From the first line to the last, copy the material exactly and leave the pictures out.

*Raw data*.
----

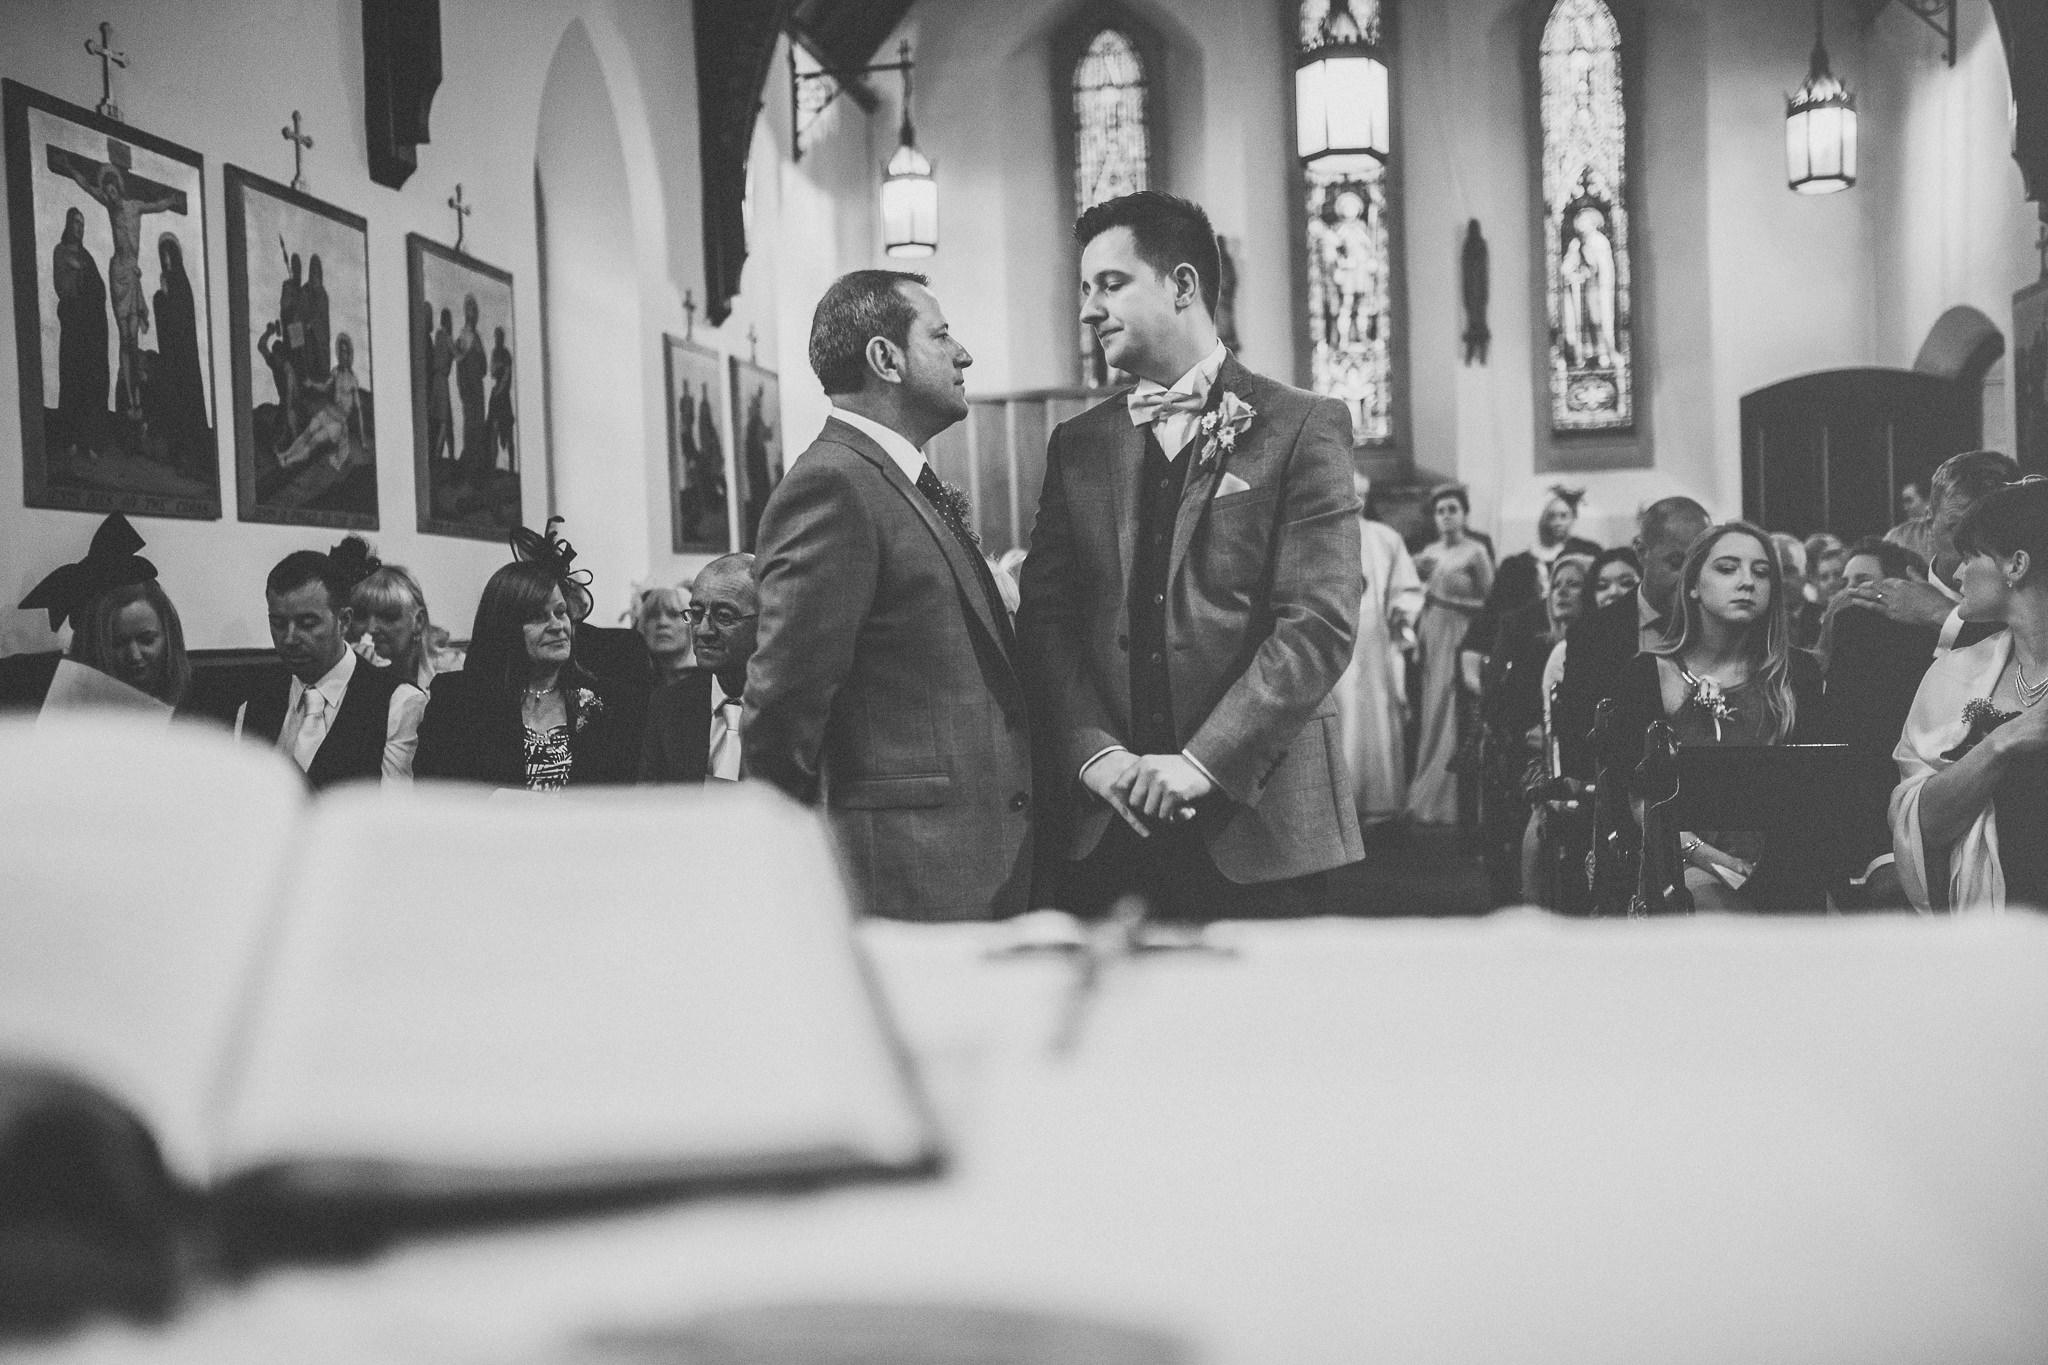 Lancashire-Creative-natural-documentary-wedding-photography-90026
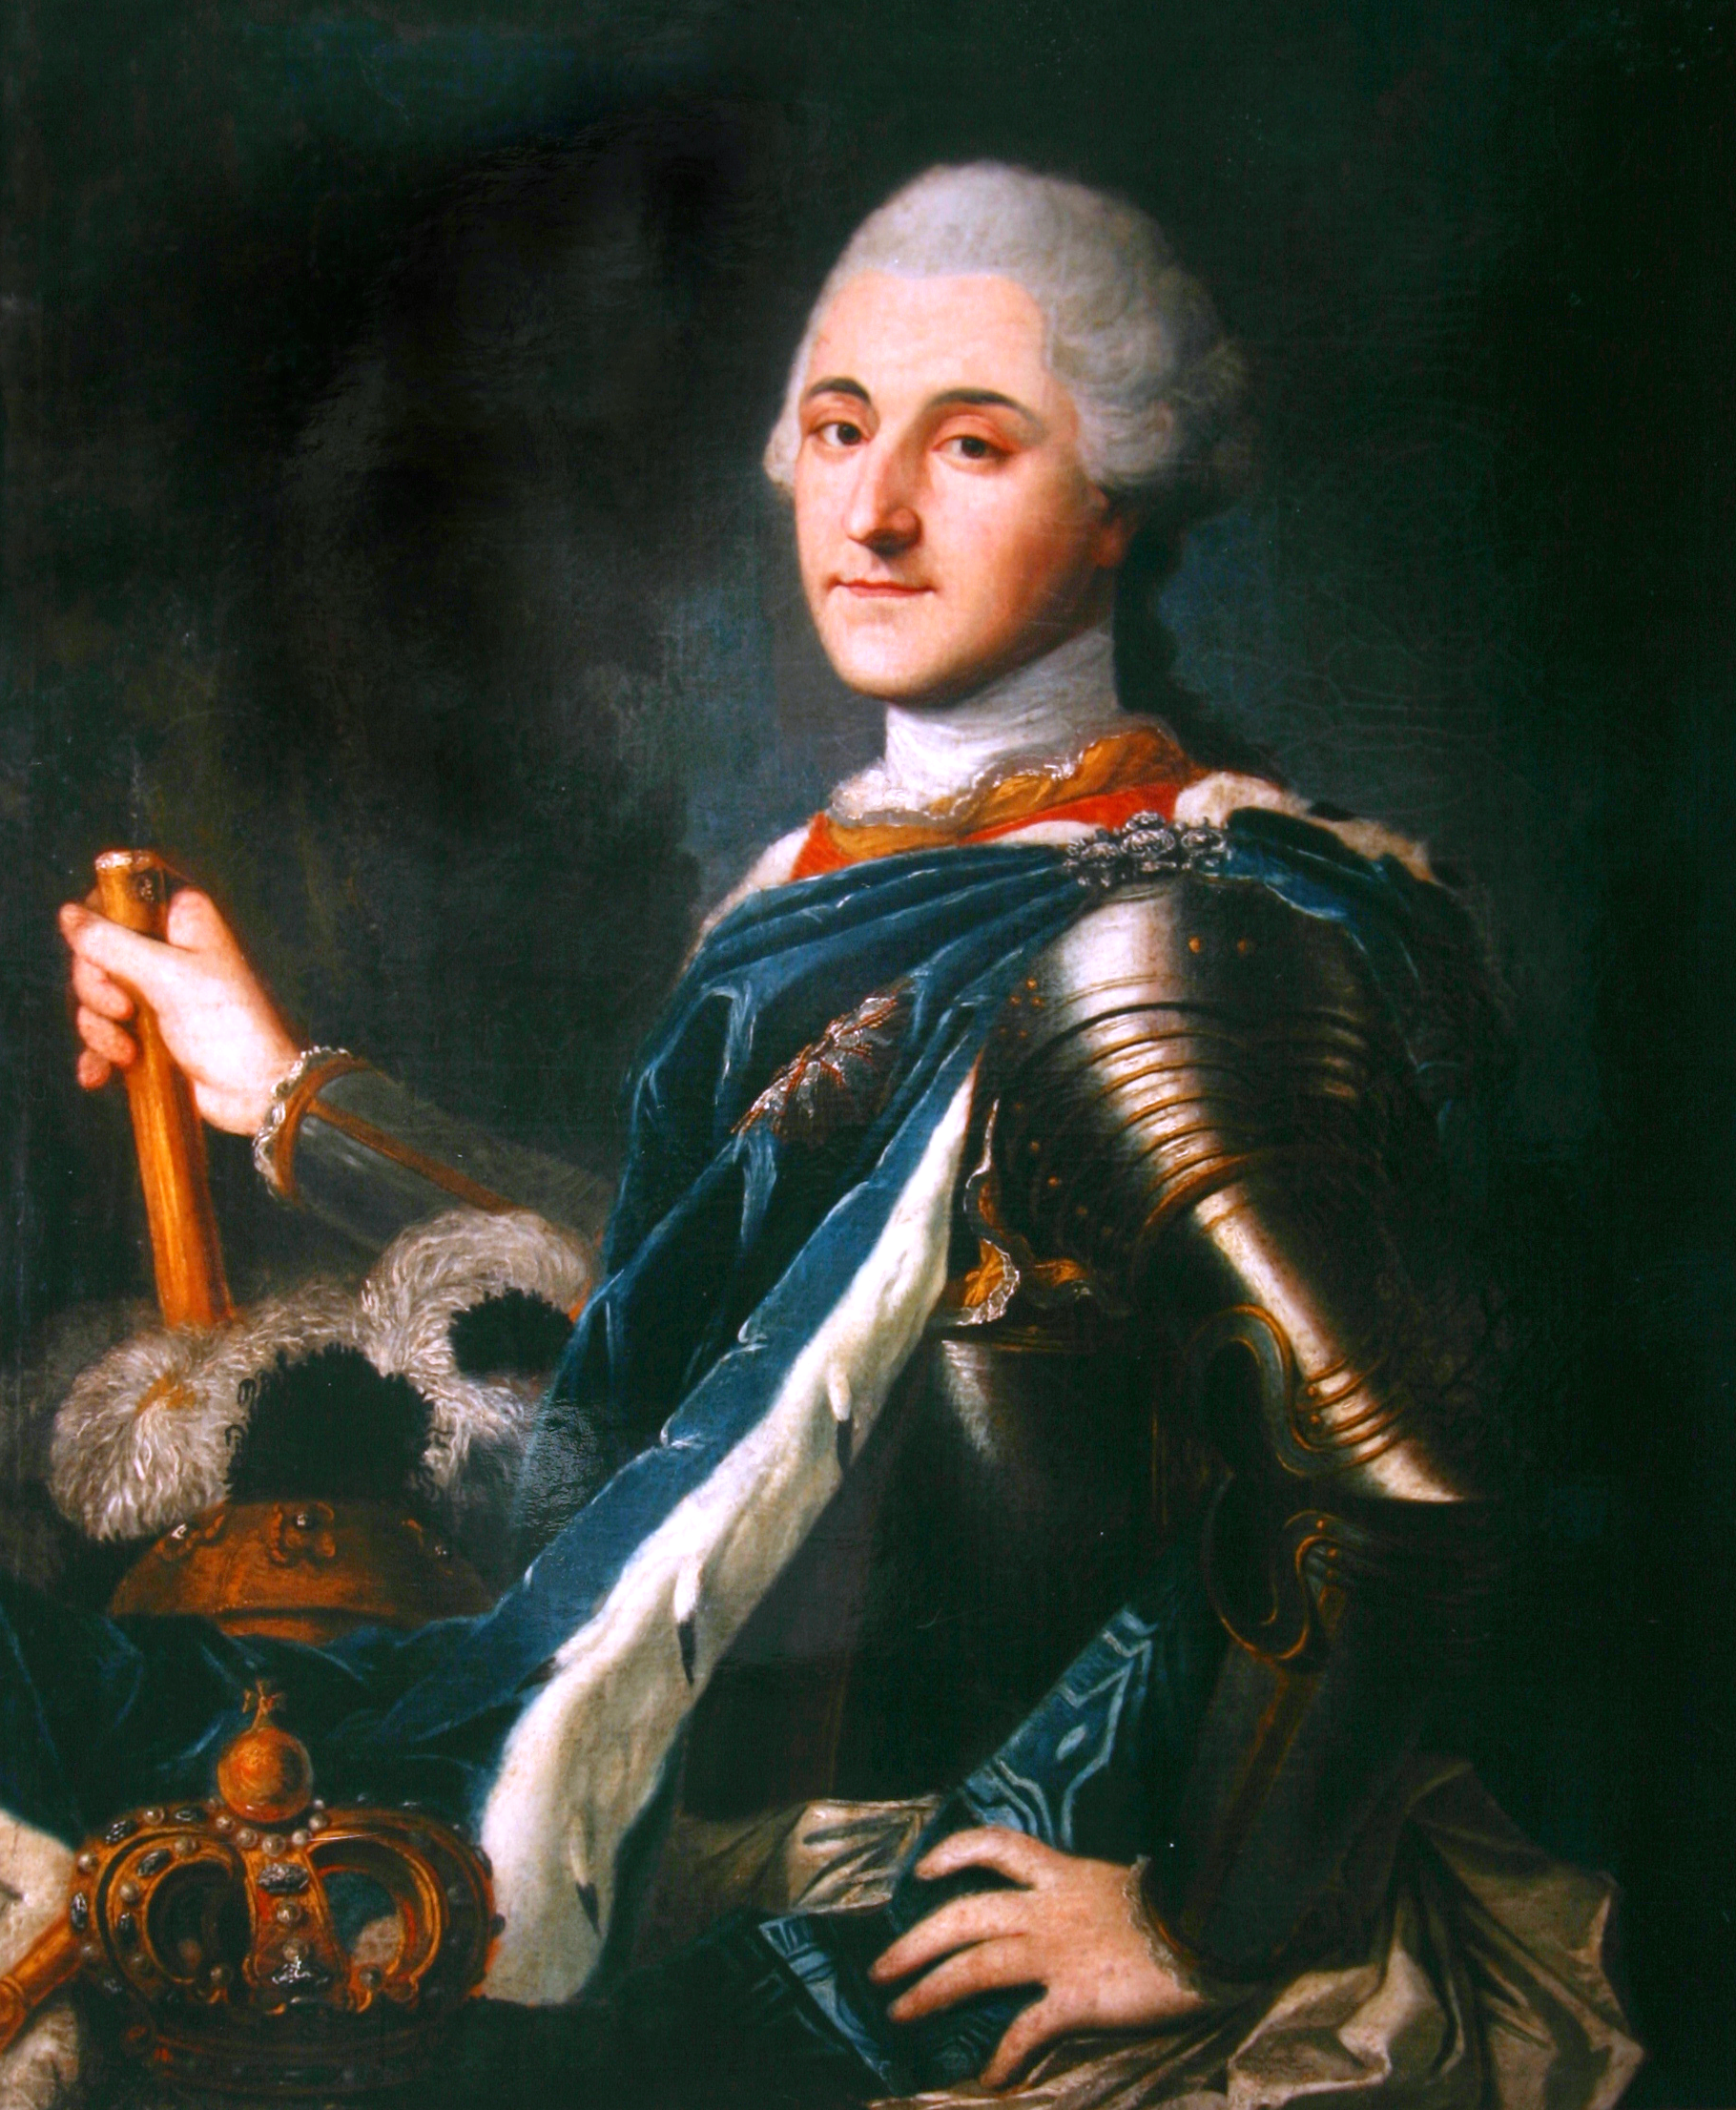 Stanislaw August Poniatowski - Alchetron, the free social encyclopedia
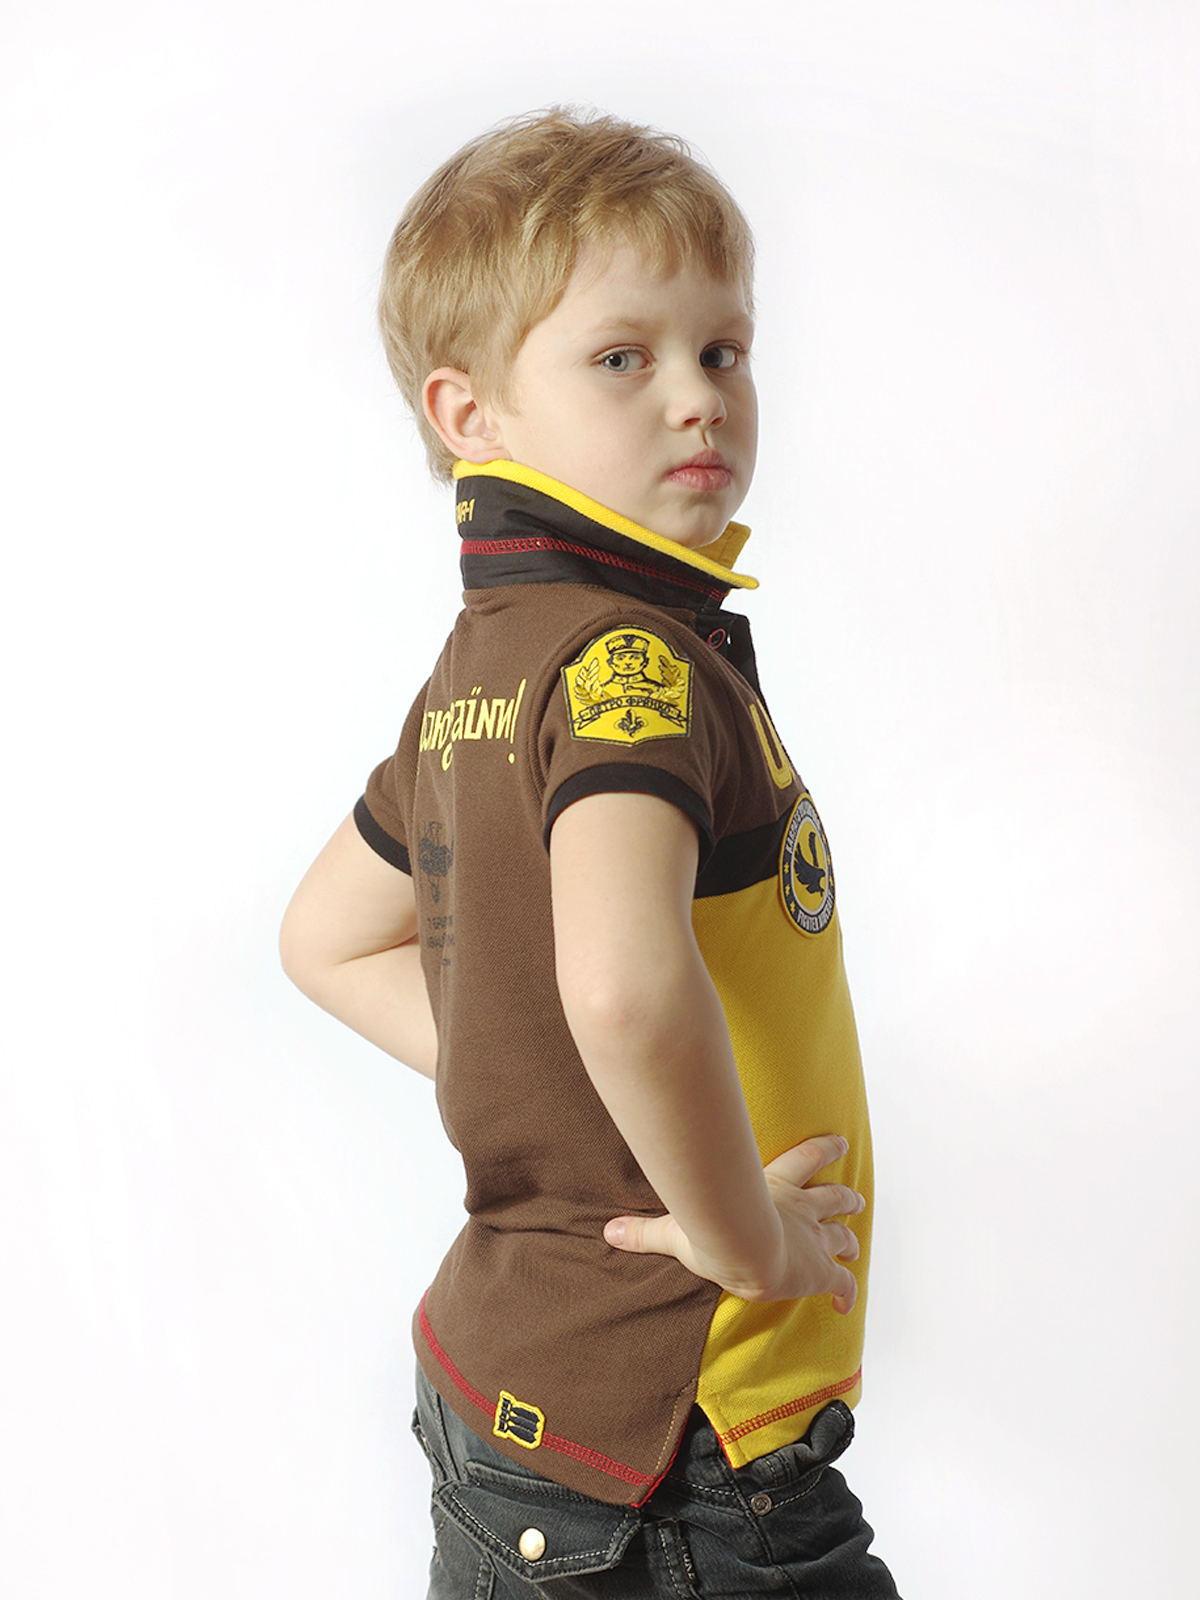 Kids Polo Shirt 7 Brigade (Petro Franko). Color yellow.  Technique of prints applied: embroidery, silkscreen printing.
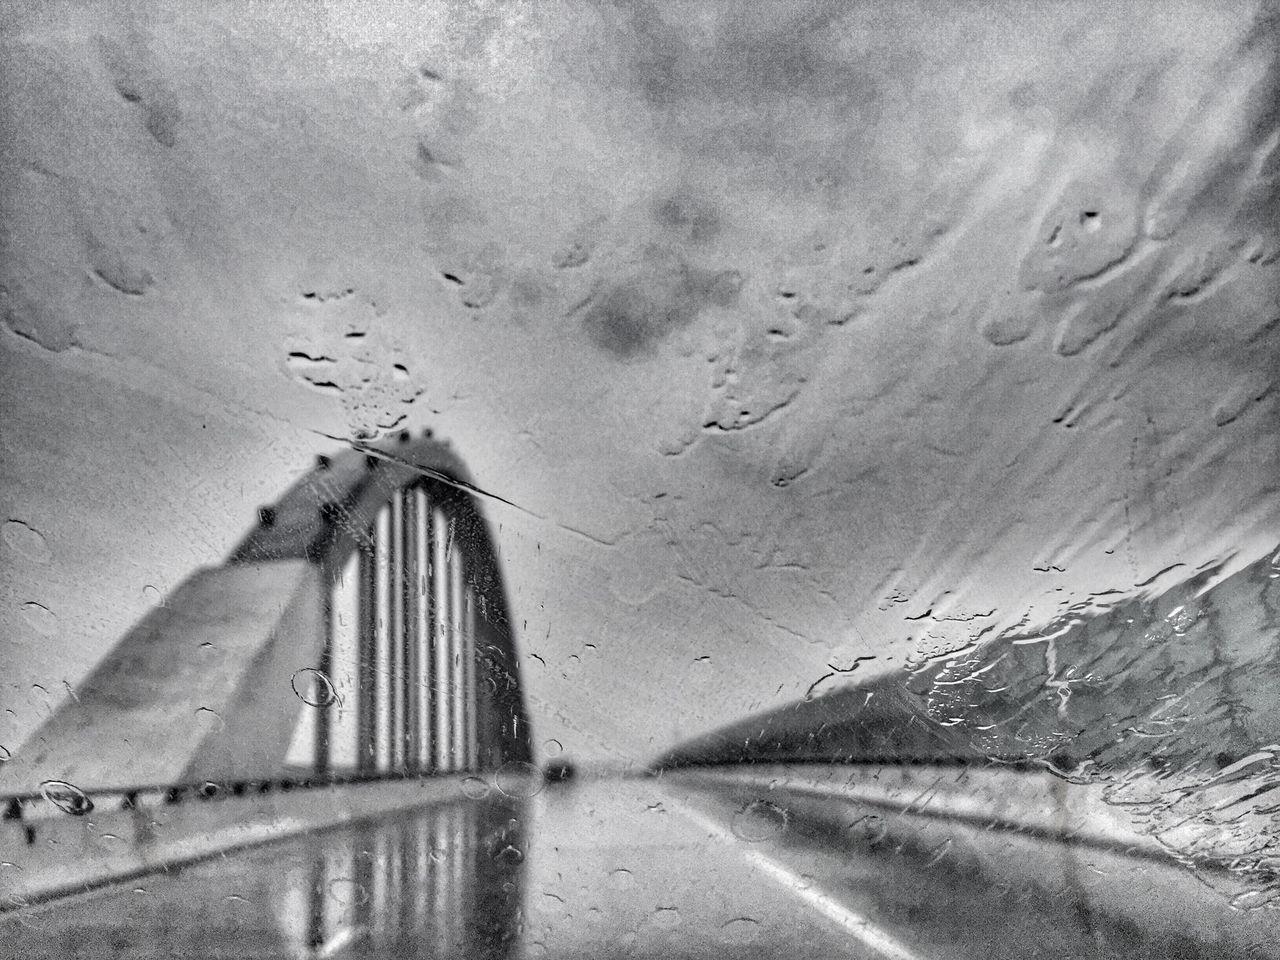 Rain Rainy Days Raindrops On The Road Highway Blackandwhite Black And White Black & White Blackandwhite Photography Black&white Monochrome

----

*Result for this exercise*.
 Lancashire-Creative-natural-documentary-wedding-photography-90026
 Stanislaw August Poniatowski - Alchetron, the free social encyclopedia
 Kids Polo Shirt 7 Brigade (Petro Franko). Color yellow.  Technique of prints applied: embroidery, silkscreen printing.
 Rain Rainy Days Raindrops On The Road Highway Blackandwhite Black And White Black & White Blackandwhite Photography Black&white Monochrome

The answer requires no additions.